• Aim of the exercise
Produce a word-for-word copy of the data that follows, excluding images.
(Material provided Opens)
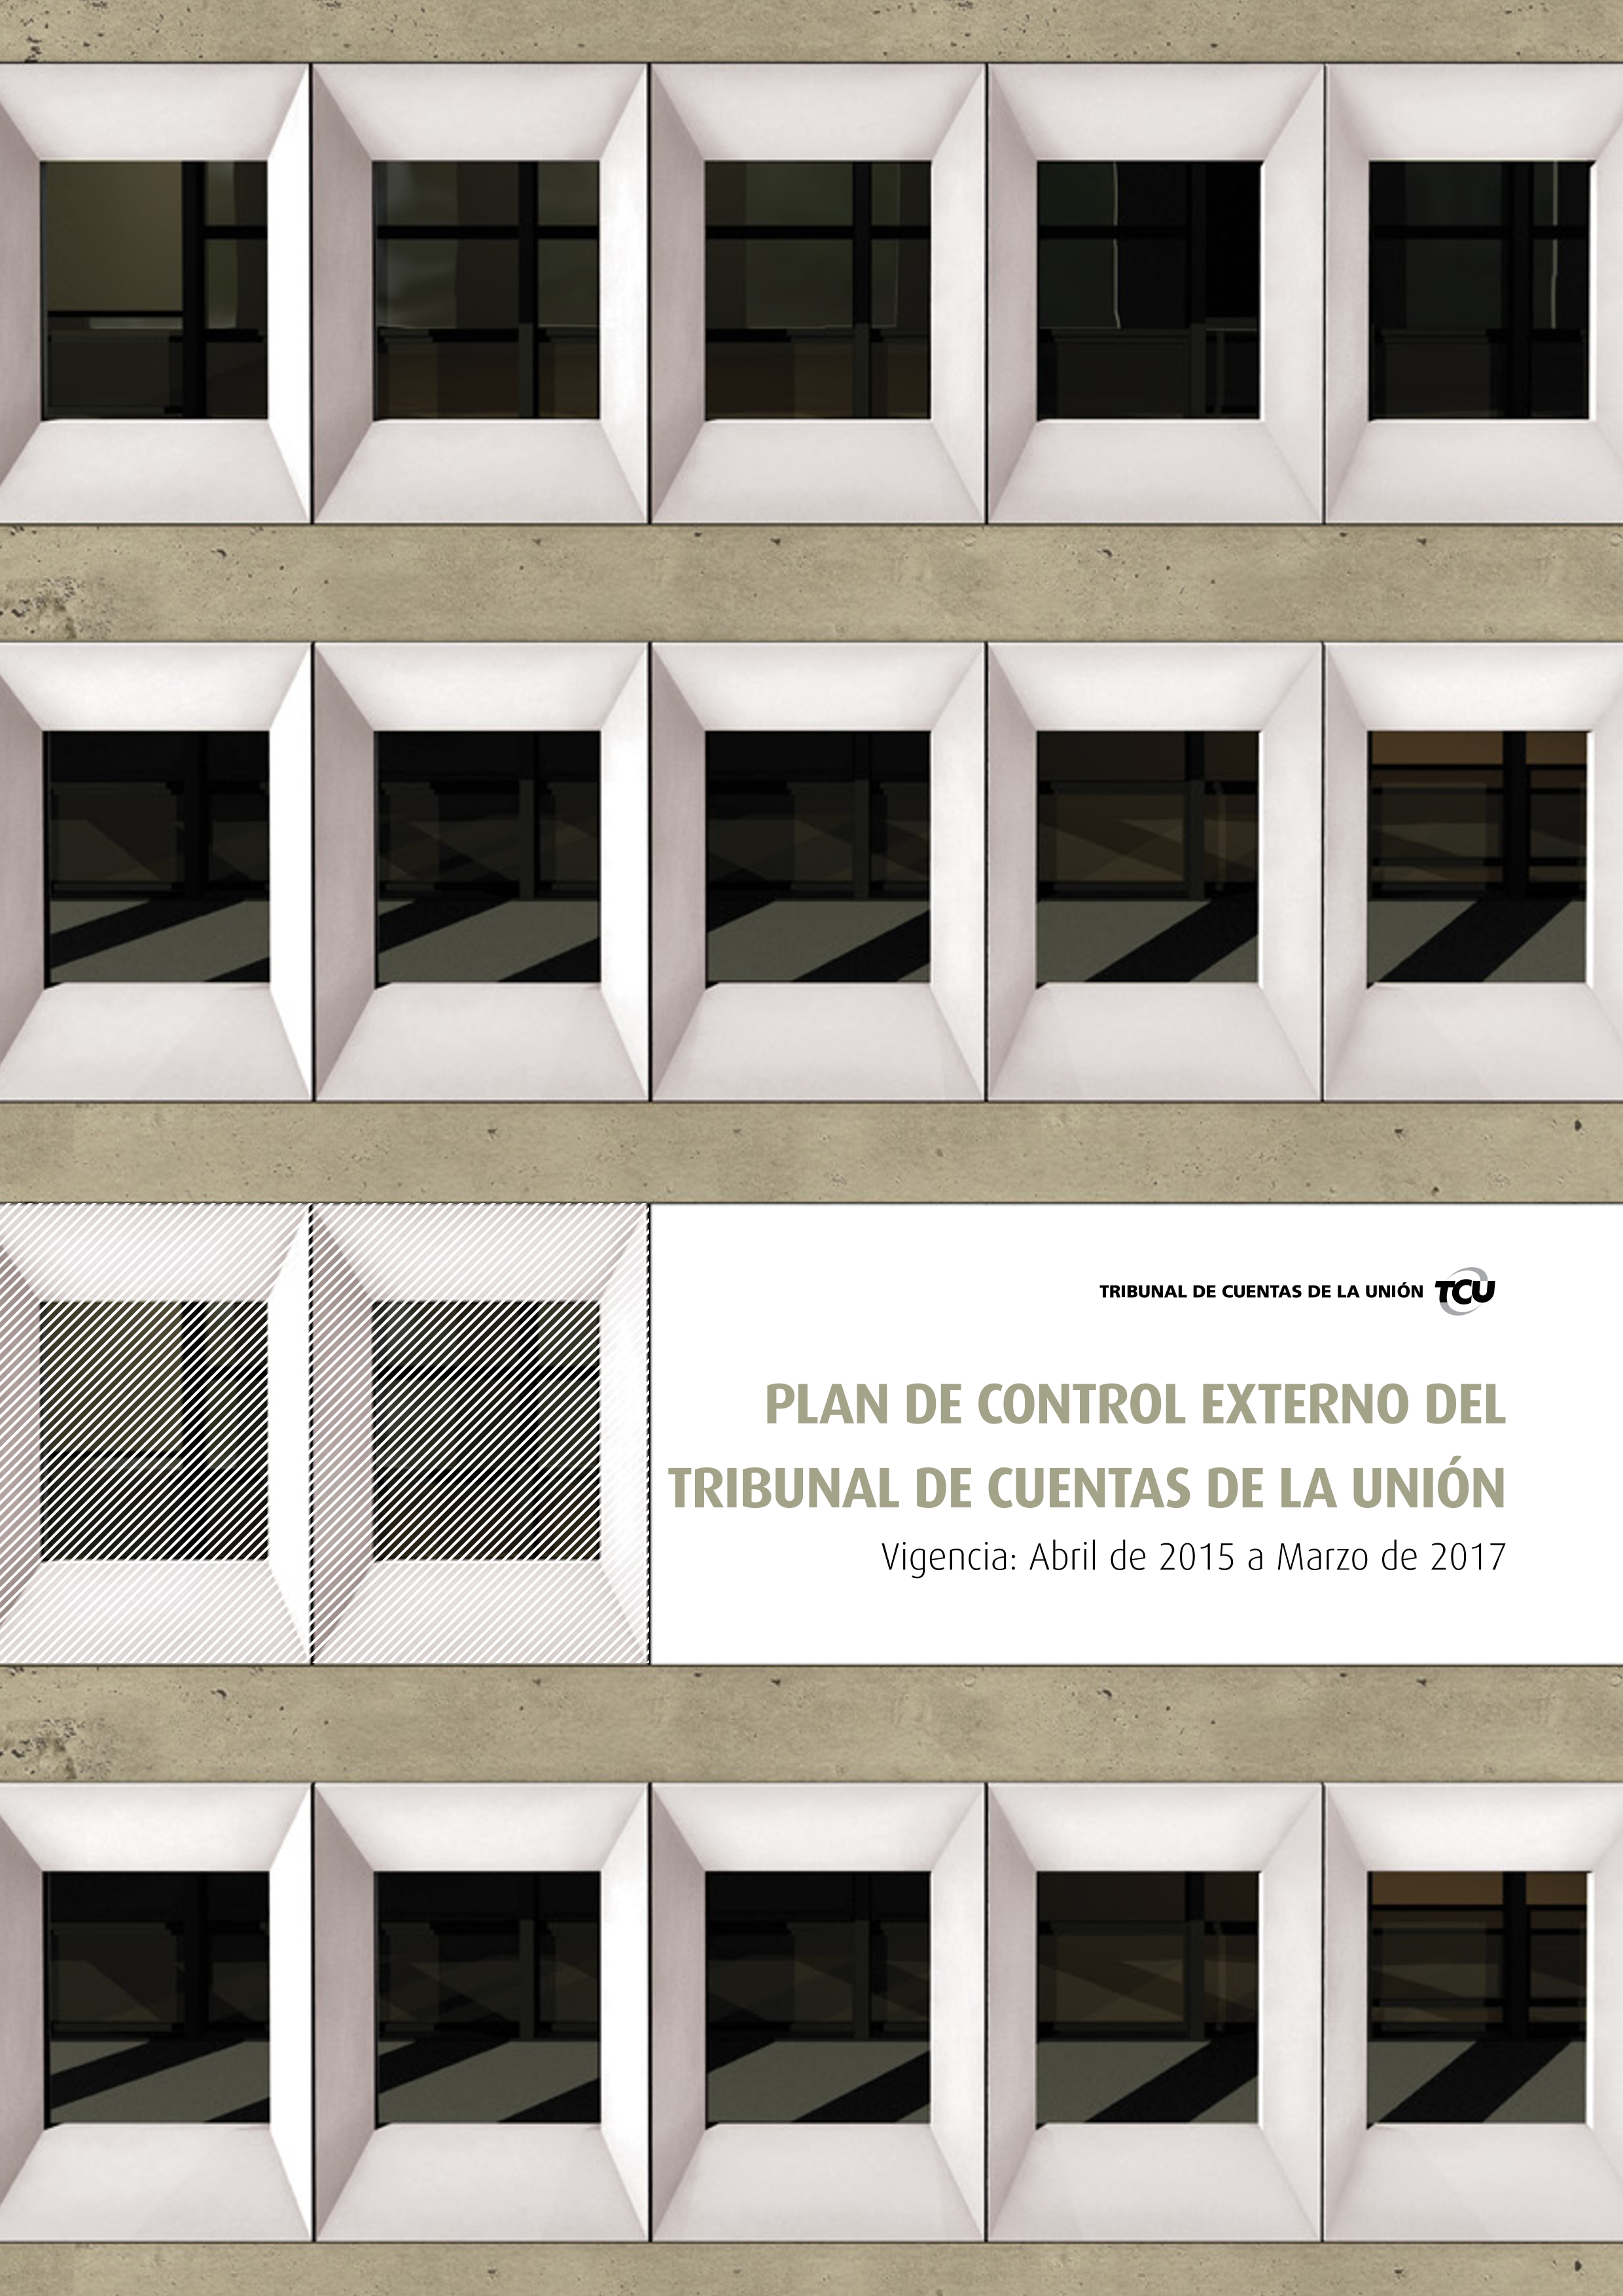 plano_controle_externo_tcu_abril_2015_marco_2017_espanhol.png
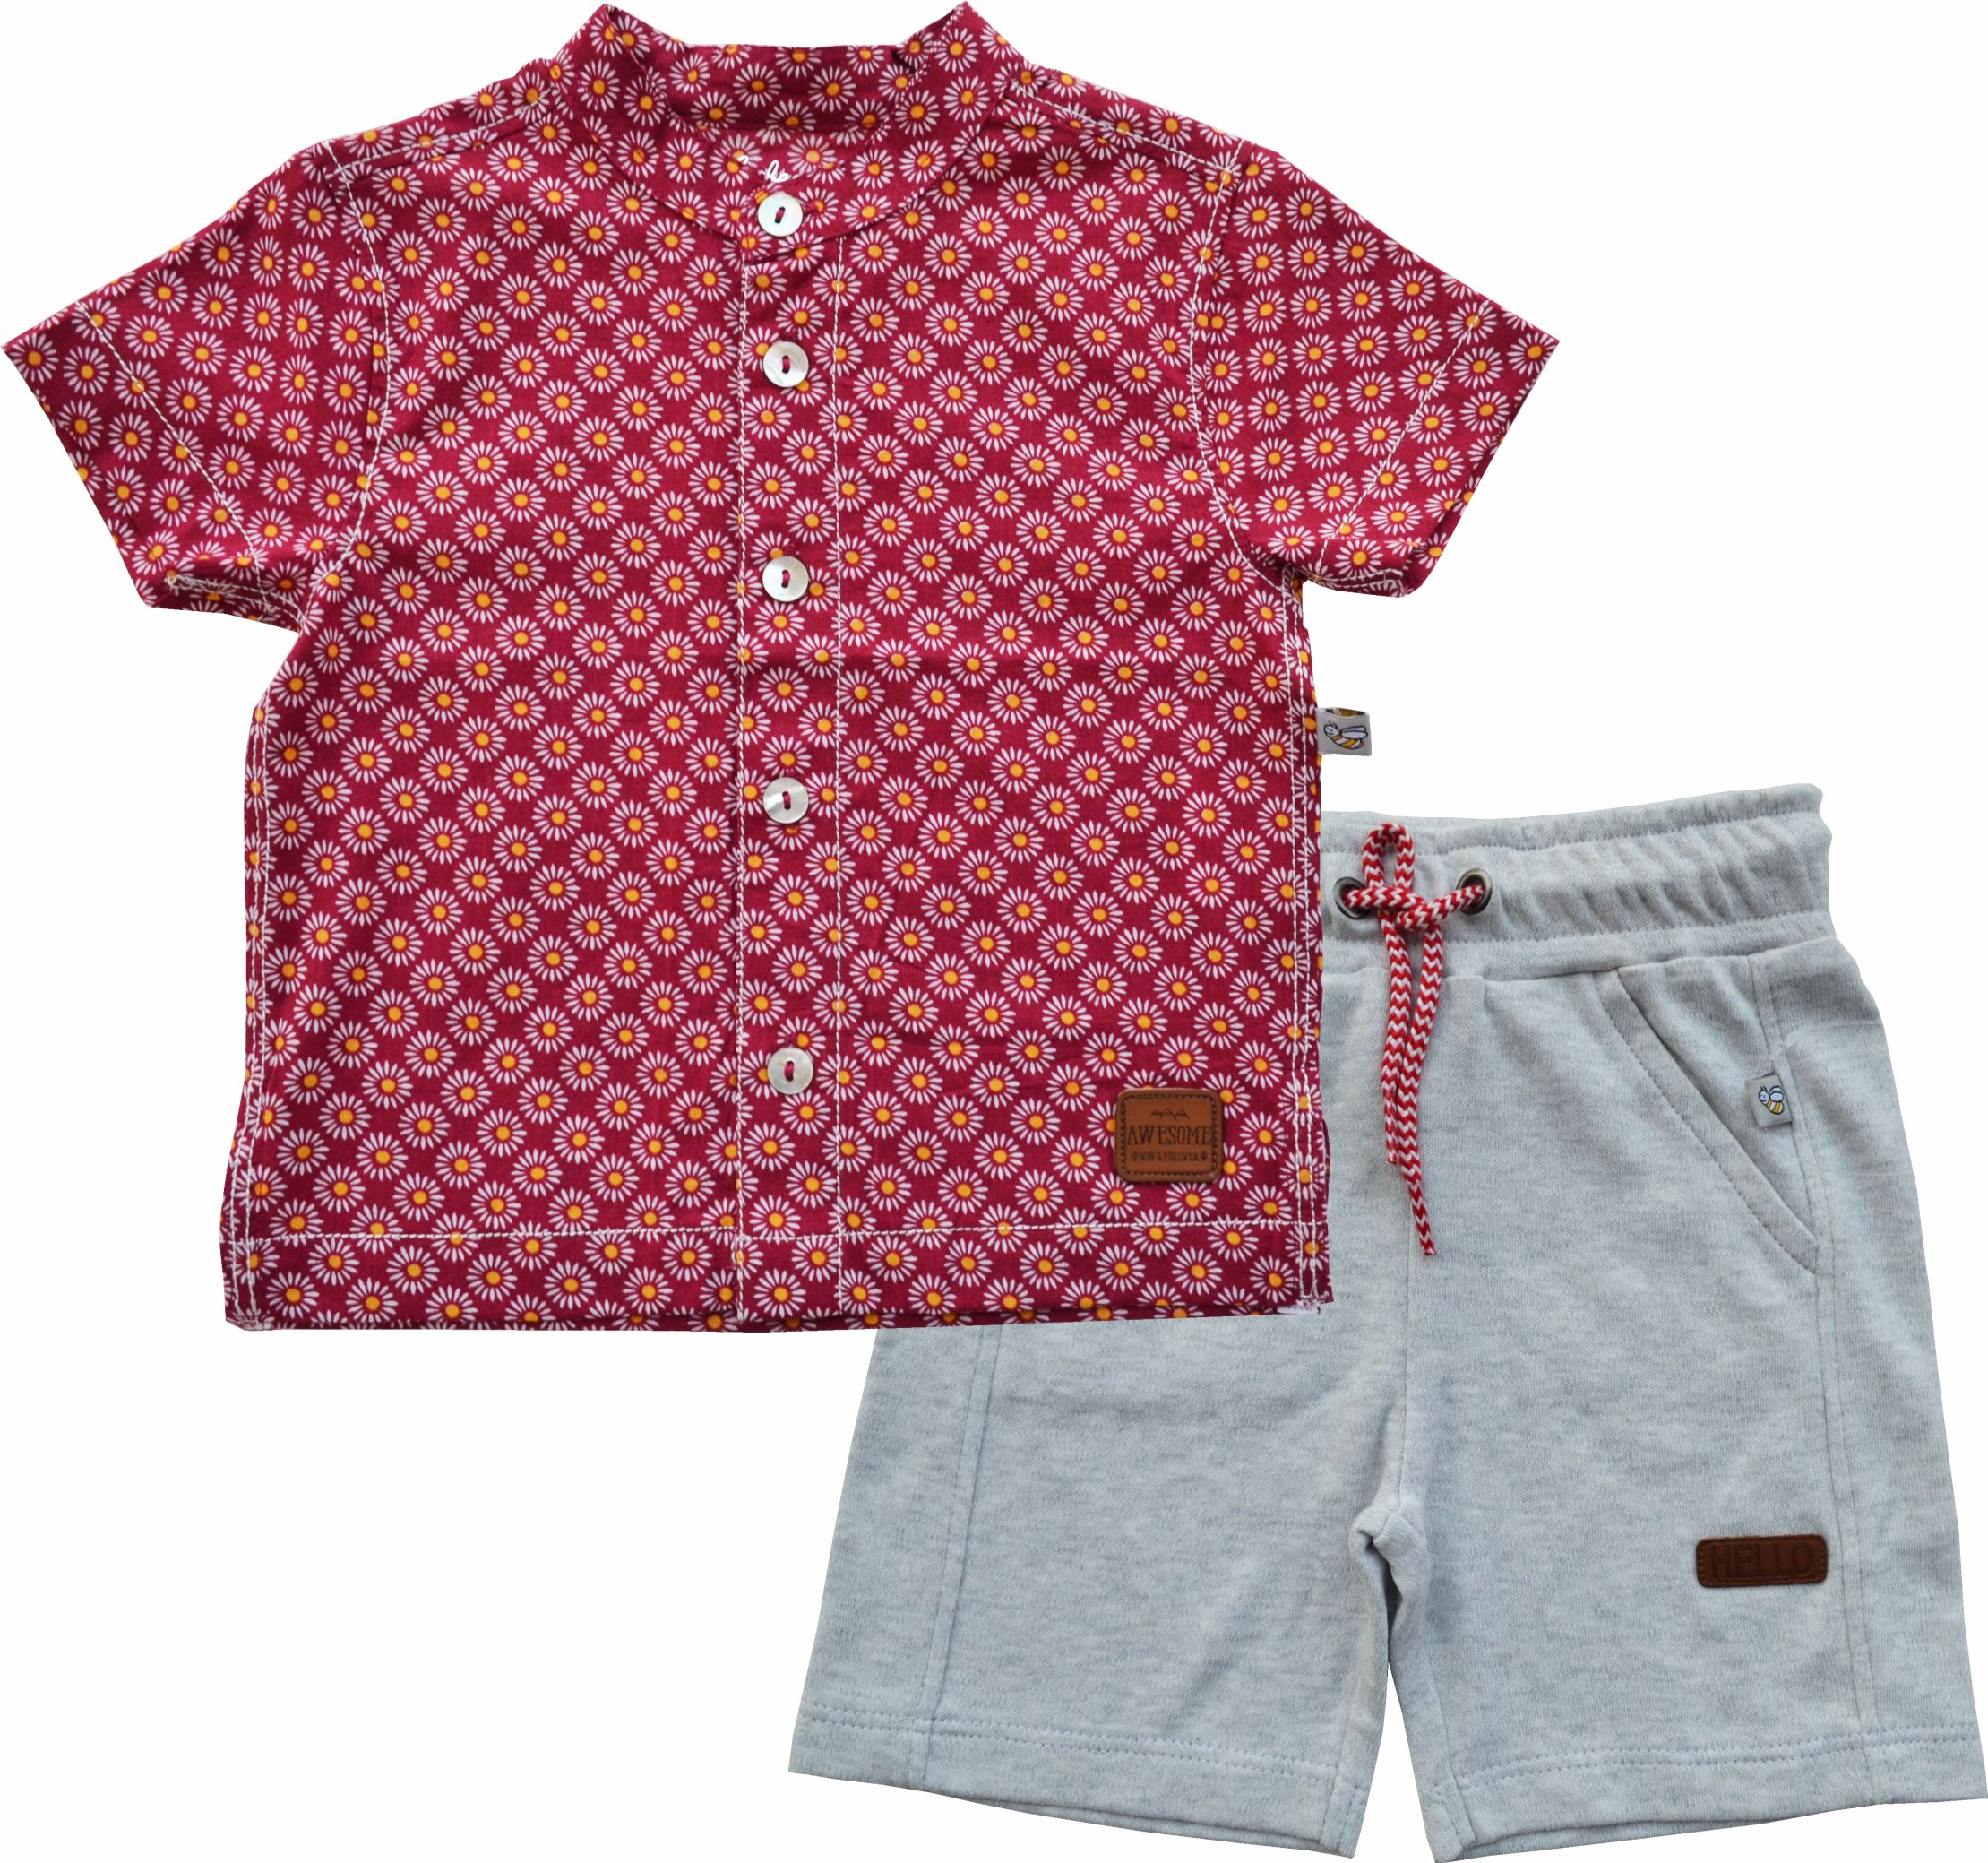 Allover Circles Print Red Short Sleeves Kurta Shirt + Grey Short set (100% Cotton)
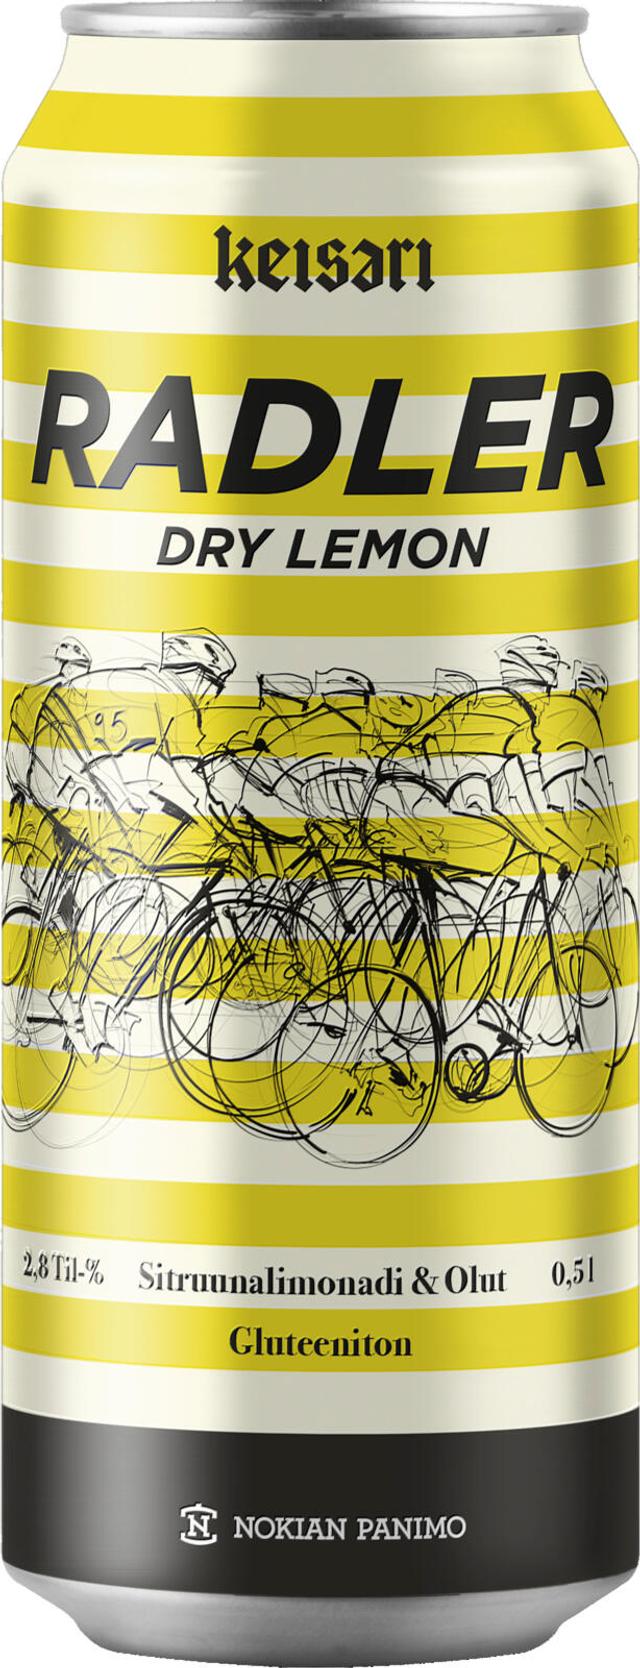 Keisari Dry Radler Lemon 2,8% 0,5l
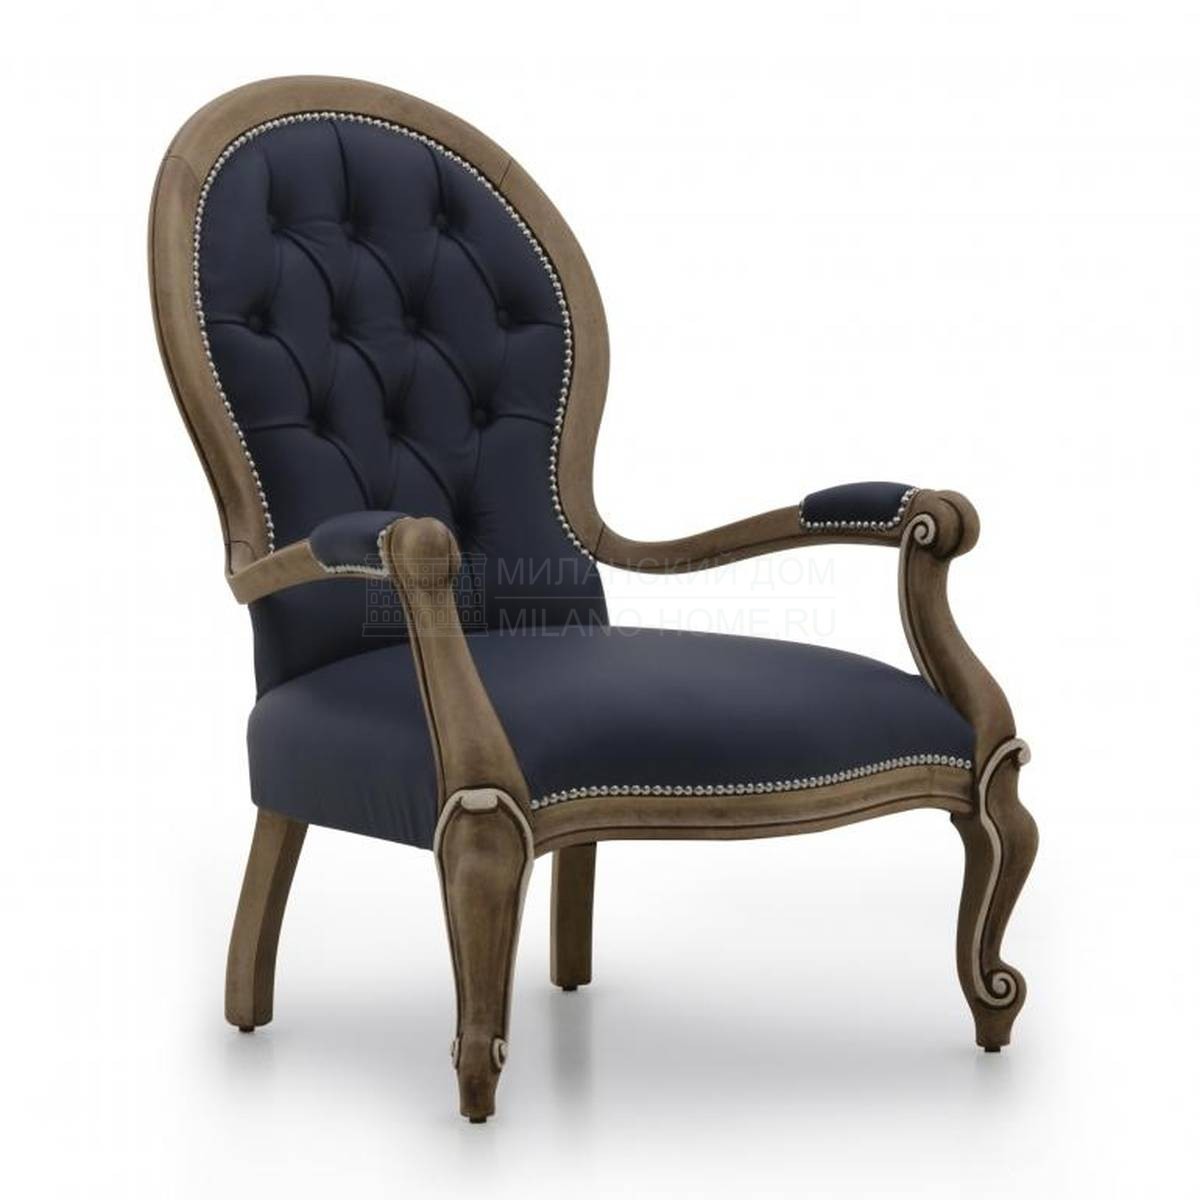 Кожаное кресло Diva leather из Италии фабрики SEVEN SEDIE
(Material provided Closes)
• Result of this exercise
 plano_controle_externo_tcu_abril_2015_marco_2017_espanhol.png
 Allover Circles Print Red Short Sleeves Kurta Shirt + Grey Short set (100% Cotton)
 Keisari Dry Radler Lemon 2,8% 0,5l
 Кожаное кресло Diva leather из Италии фабрики SEVEN SEDIE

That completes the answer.